Cancer-associated RNF43 mutations lead to activation of β-catenin signaling through aberrantly increasing Wnt-receptor levels at the membrane. Importantly, inactivating RNF43 mutations have been suggested to render cancer cells sensitive to Wnt-based therapeutics. However, the extent to which RNF43 mutations lead to impaired regulation of Wnt/β-catenin signaling has been poorly investigated. Here, we observed that tumors with a functional mismatch repair system show a predominant 5′-location of truncating RNF43 mutations, suggesting C-terminal truncations such as the most commonly reported p.G659fs mutation, do not affect β-catenin signaling. In accordance, expressing C-terminal truncation mutants and wild-type RNF43, showed equal effects on β-catenin signaling, Wnt-receptor turnover, and DVL-binding. We confirmed these observations at endogenous levels by CRISPR-Cas9-mediated knockout of G659fs RNF43 expression in KM12 cells and generating comparable mutations in HEK293T cells. We could not confirm previous reports linking RNF43 to p53 and E-cadherin breakdown. Our data also suggest that only colorectal cancer cells harboring N-terminal mutations of RNF43 convey Wnt-dependency onto the tumor cells. Results of this study have potentially important clinical implications indicating that Wnt-based therapeutics should be applied cautiously in cancer patients harboring RNF43 mutations.
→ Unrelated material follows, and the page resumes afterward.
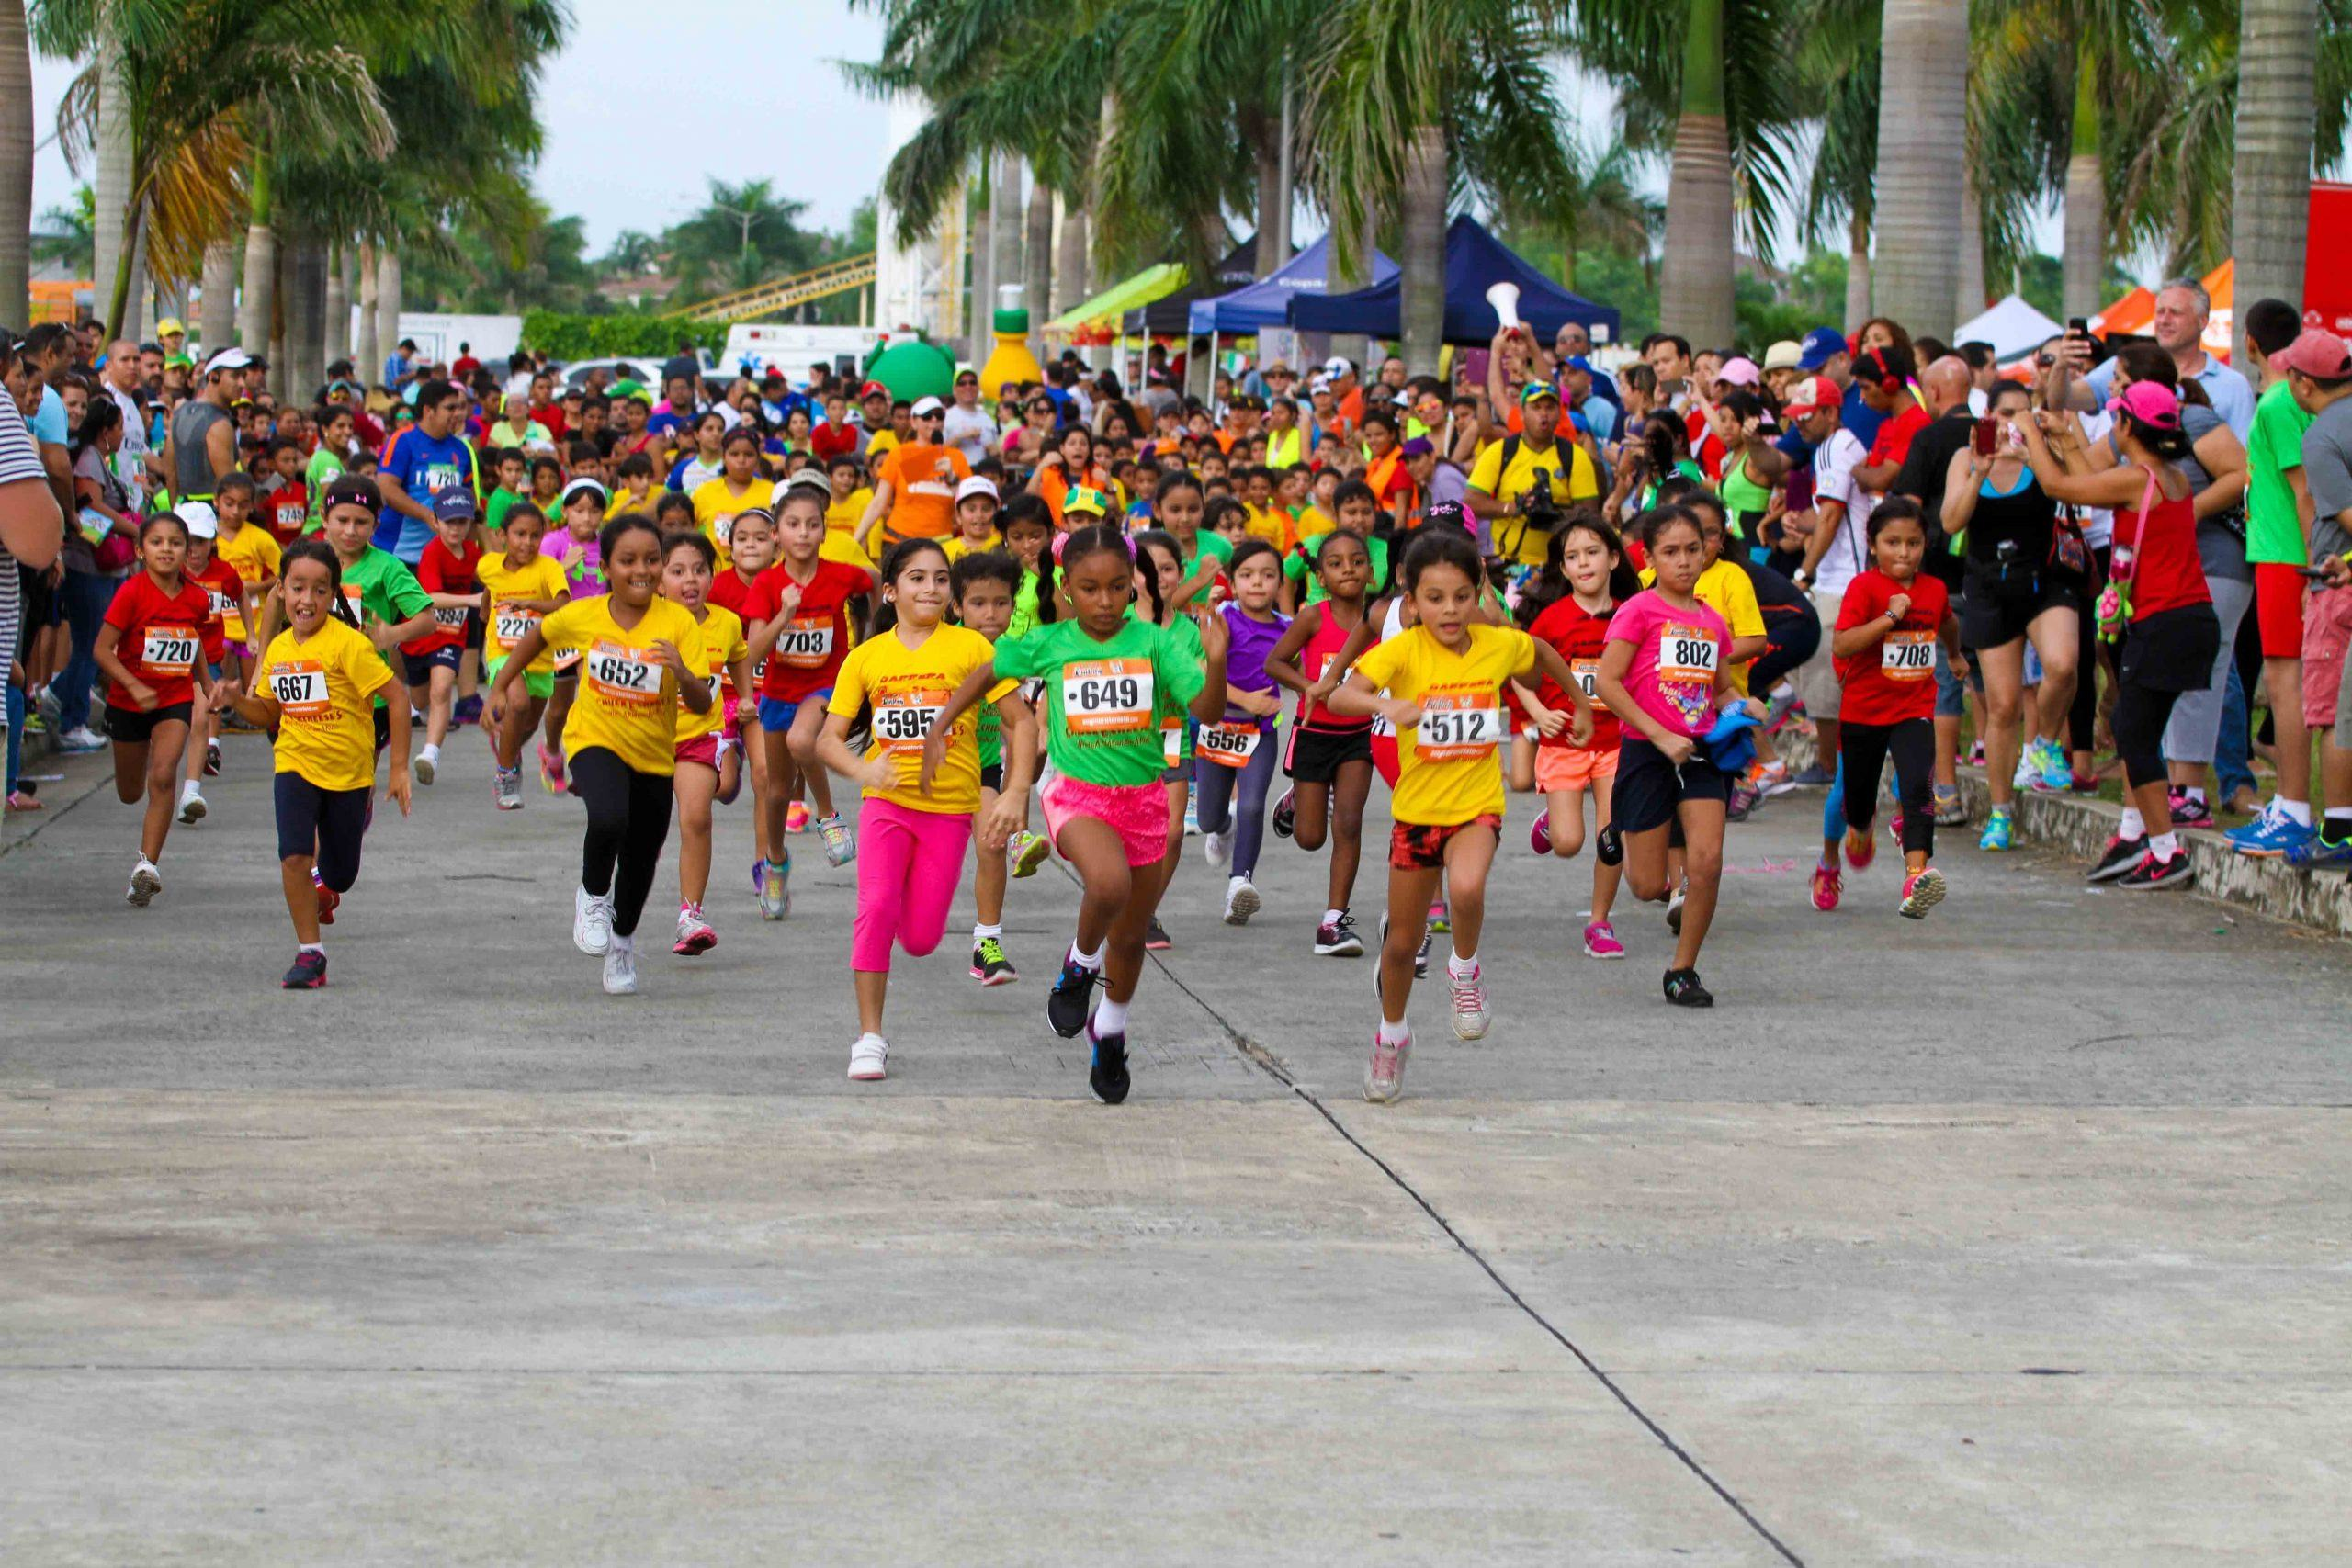 Alegría y diversión a más de 500 niños en la carrera Juniors, Panamá.

癌症相关的RNF43突变通过异常增加膜上的 Wnt 受体水平导致 β-连环蛋白信号传导的激活。重要的是，已经提出灭活RNF43突变可以使癌细胞对基于 Wnt 的疗法敏感。然而，对RNF43突变导致 Wnt/β-catenin 信号调节受损的程度的研究很少。在这里，我们观察到具有功能错配修复系统的肿瘤显示截断RNF43的主要 5' 位置突变，表明 C 末端截断，例如最常见的 p.G659fs 突变，不影响 β-连环蛋白信号传导。相应地，表达 C 末端截短突变体和野生型 RNF43 对 β-连环蛋白信号传导、Wnt 受体转换和 DVL 结合具有相同的影响。我们通过 CRISPR-Cas9 介导的敲除 KM12 细胞中的 G659fs RNF43 表达并在 HEK293T 细胞中产生类似的突变，在内源性水平证实了这些观察结果。我们无法证实先前将 RNF43 与 p53 和 E-钙粘蛋白分解联系起来的报道。我们的数据还表明，只有结直肠癌细胞具有RNF43的 N 末端突变。将 Wnt 依赖性传递到肿瘤细胞上。这项研究的结果具有潜在的重要临床意义，表明基于 Wnt 的疗法应谨慎应用于携带RNF43突变的癌症患者。